Wir haben uns auf die Entwicklung eines Systems zur Induktion von Hypoxie in Wassertierembryonen konzentriert. Beide Frösche und Zebrafisch sind mittlerweile zu informativen Wirbeltiermodellorganismen für Studien zahlreicher biologischer Prozesse sowie zu Modellen für verschiedene menschliche Krankheiten geworden. Frosch- und Zebrafisch-Embryonen Entwickeln sich nach außen, eliminieren die Komplikation der mütterlichen Kompensation, und ein schneller Entwicklungsverlauf ermöglicht es, Umweltfaktoren zu manipulieren und die phänotypischen Veränderungen der Organbildung in Echtzeit zu beobachten. Darüber hinaus sind viele Komponenten großer Signaltransduktionswege in hohem Maße konserviert Diese Modellorganismen sind im Detail durch eine große Anzahl von Literatur charakterisiert worden. Der Hauptvorteil bei der Verwendung von Fröschen und Zebrafisch-Embryonen, um die Auswirkungen von Hypoxie auf die Wirbeltierentwicklung zu untersuchen, ist, dass alle Prozesse direkt überwacht werden können, da Sauerstoff schnell die Embryonen durchdringt. So, bei Fröschen und Zebrafisch, wie im Gegensatz zu anderen Modellorganismen wieMaus-Embryonen, kann der Einfluss einer spezifischen Sauerstoffkonzentration im interessierenden Gewebe untersucht werden, ohne die Anwesenheit oder den Mangel an funktionellem Gefäß zu berücksichtigen.Die meisten handelsüblichen Aufbauten für die hypoxische Inkubation haben den Nachteil, dass sie vergleichsweise groß sind und entsprechend hohe Betriebskosten aufweisen. Abgesehen von ihrem hohen anfänglichen Kosten- und Gasverbrauch erfordert die Äquilibrierung und die Aufrechterhaltung gemeinsamer Hypoxie-Kammern die Aufrechterhaltung einer konstanten hypoxischen Atmosphäre gegen den Gasgradienten, der in diesen Kammern aufgrund ihrer größeren und / oder organischen Atmung natürlich vorkommt. Dies erfordert die Verwendung von Gasventilatoren und ein Kühlsystem, das die Menge an zusätzlichen notwendigen Geräten erhöht, die Geschicklichkeit des Forschers beeinträchtigt und insgesamt die Einfachheit des experimentellen Verfahrens verringert. Im Gegensatz dazu ist das hier präsentierte Setup vergleichsweise robust, aber sehr kostengünstig, klein, einfach zu ermitteln und erlaubt fAst Gas-Äquilibrierung, stabile hypoxische Atmosphäre und einfacher Austausch von Materialien und Lösungen in der Kammer. Unser System kann für den Einsatz mit jedem aquatischen Modell Organismus von Interesse eingesetzt werden.
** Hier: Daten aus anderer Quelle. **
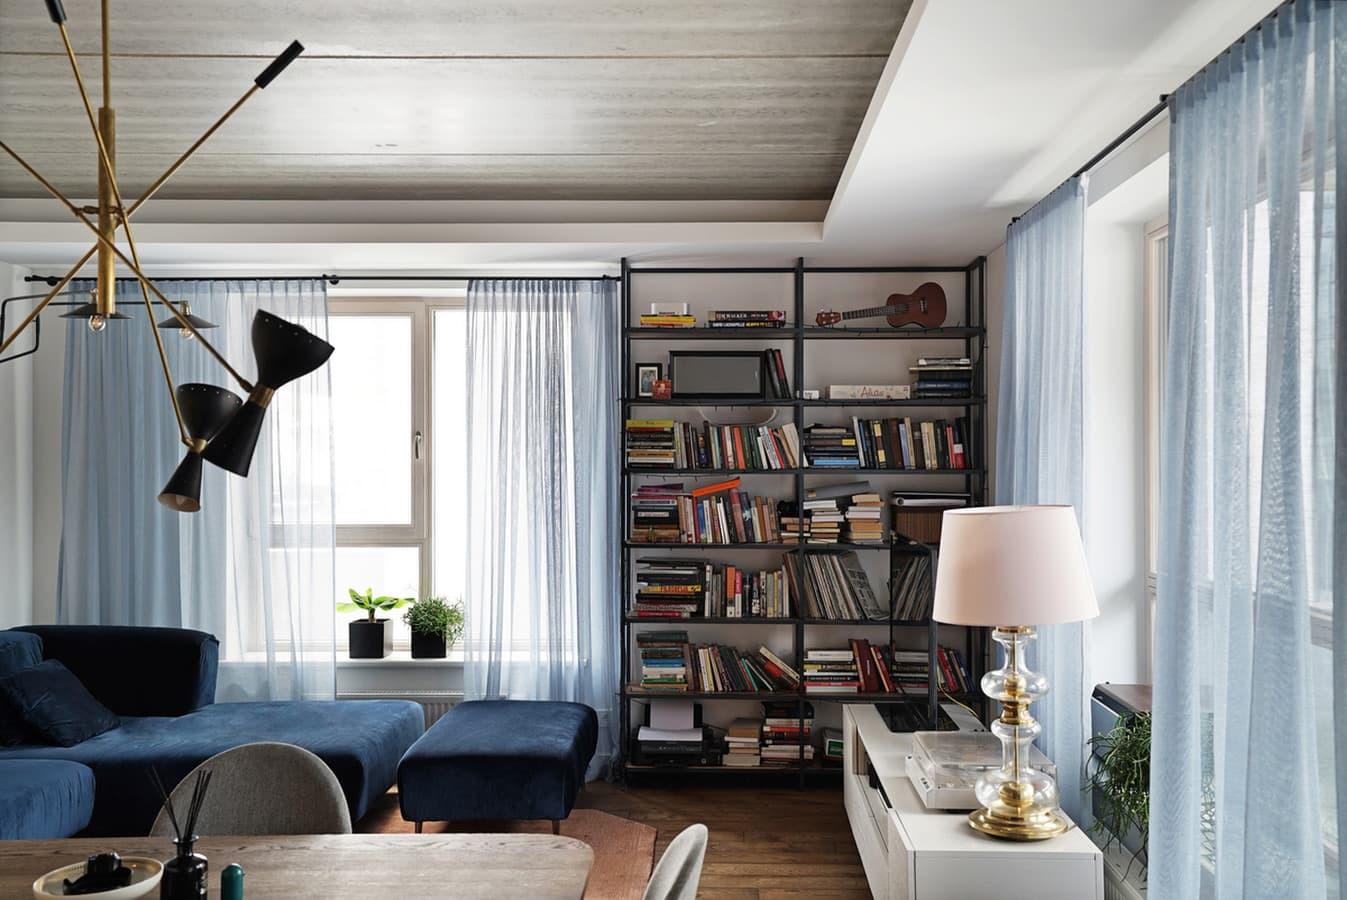 Buto interjeras - interjero dizainerė Laura Vanagaityte, Habitas - interjero dizainas studija

Wir haben eine hypoxische Kammer konstruiert, die bequem klein ist und daher in einem gemeinsamen Laborinkubator platziert werden kann, was leicht experimentelle Eingriffe bei einer bestimmten Temperatur ermöglicht. Durch die bequeme Kontrolle der Temperatur sowie der Sauerstoffkonzentration im Medium liegt der Vorteil unseres Systems gegenüber den handelsüblichen Hypoxieinkubatoren in seiner geringen Größe und Kosteneffizienz. So kann unser Setup mit Hilfe von Laboratorien für die meisten Laboratorien eingerichtet werden und erfordert keine teuren Materialien. Darüber hinaus erzeugt unser Setup keine Hitze, im Gegensatz zu den handelsüblichen Hypoxie-Inkubatoren und ermöglicht die Verwendung bei Temperaturen unterhalb der Raumtemperatur in einem Inkubator. Das laSt ist besonders kritisch für die Arbeit mit kaltblütigen Organismen wie Frösche und Fische, wo Entwicklungs- und Stoffwechselraten stark temperaturabhängig sind.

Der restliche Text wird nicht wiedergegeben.